APS Opposes FIRST Act
Proposed Legislation Fails Scientific Enterprise
By Tawanda W. Johnson
The American Physical Society (APS) urges members of the House of Representatives to vote against the recently introduced FIRST Act. APS believes the legislation in its current form threatens to do irreparable harm to the nation’s scientific and technology enterprise rather than strengthening it.
The FIRST Act, which aspires to stimulate innovation through scientific research and Science, Technology, Engineering and Mathematics (STEM) education, pales in comparison to its original precursor, the 2007 America COMPETES Act, which the House and Senate passed with overwhelming bipartisan support.
A year ago, the science, business and higher education communities jointly endorsed a set of guidelines for COMPETES reauthorization. Unfortunately, the FIRST Act, as currently written, fails to address many of the key recommendations.
The FIRST Act also calls for crippling cuts to social, behavioral and economic (SBE) research. The products of SBE research provide policymakers with the necessary tools for optimizing the public benefits of scientific discoveries. The outcomes of such research also provide the private sector with insights into human behavior, allowing companies to compete more effectively in the global arena and maximize their profits.
Also, the FIRST Act would reduce the quality of the nation’s scientific output by placing restrictions on citations of scientific papers in grant applications, thereby hampering the peer review process upon which the research enterprise relies. And by making it difficult for the National Science Foundation (NSF) to fund research projects that extend beyond five years, the legislation would deal a blow to NSF’s support of high energy physics, nuclear physics and astronomy, fields in which projects more often than not extend beyond a decade.
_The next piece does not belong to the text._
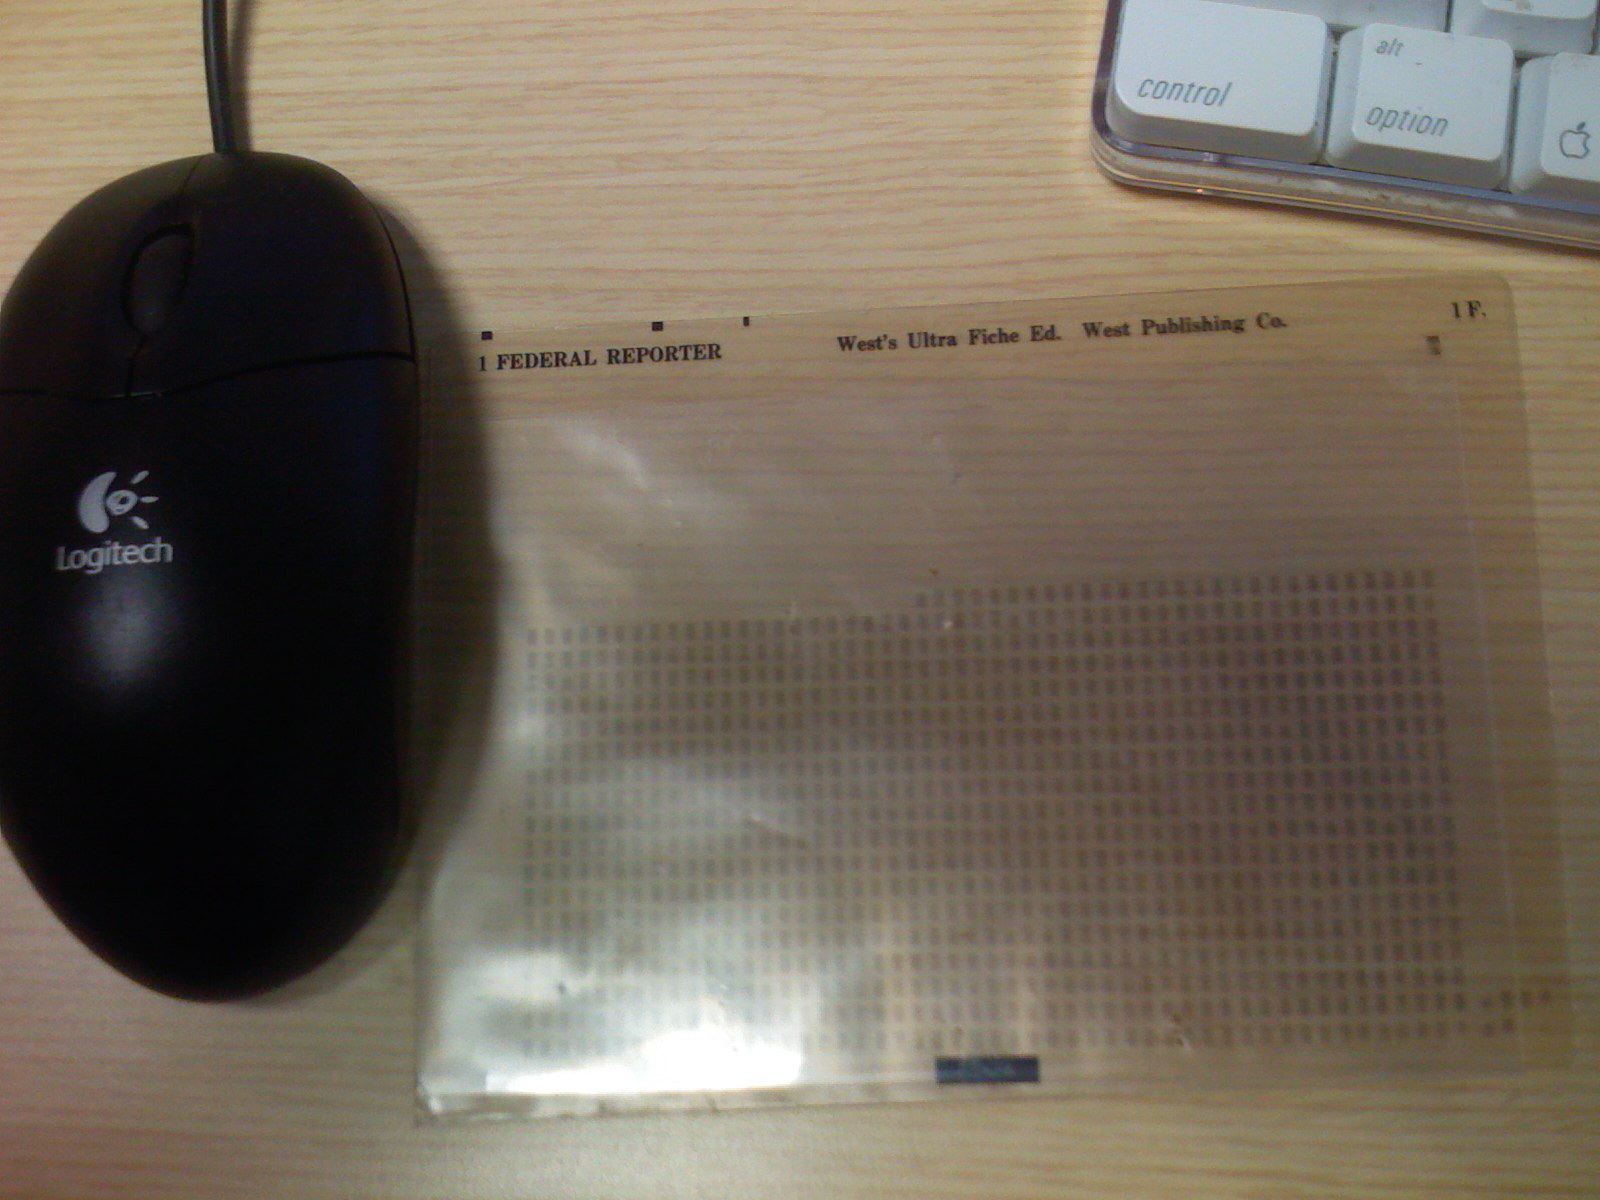 Westlaw ultrafiche, shown next to a computer mouse

Finally, the FIRST Act fails to set funding targets for NSF and the National Institutes of Standards and Technology that even keep pace with inflation. The reduction in scientific capacity would come at a time when our competitors abroad are expanding their science and technology reach. The legislation, in effect, would set our nation on a course of slower economic growth and job creation, and by so doing, it would complicate our debt and deficit problems rather than solve them.
Absent substantial revisions, APS strongly opposes the FIRST Act and urges Congress to do the same.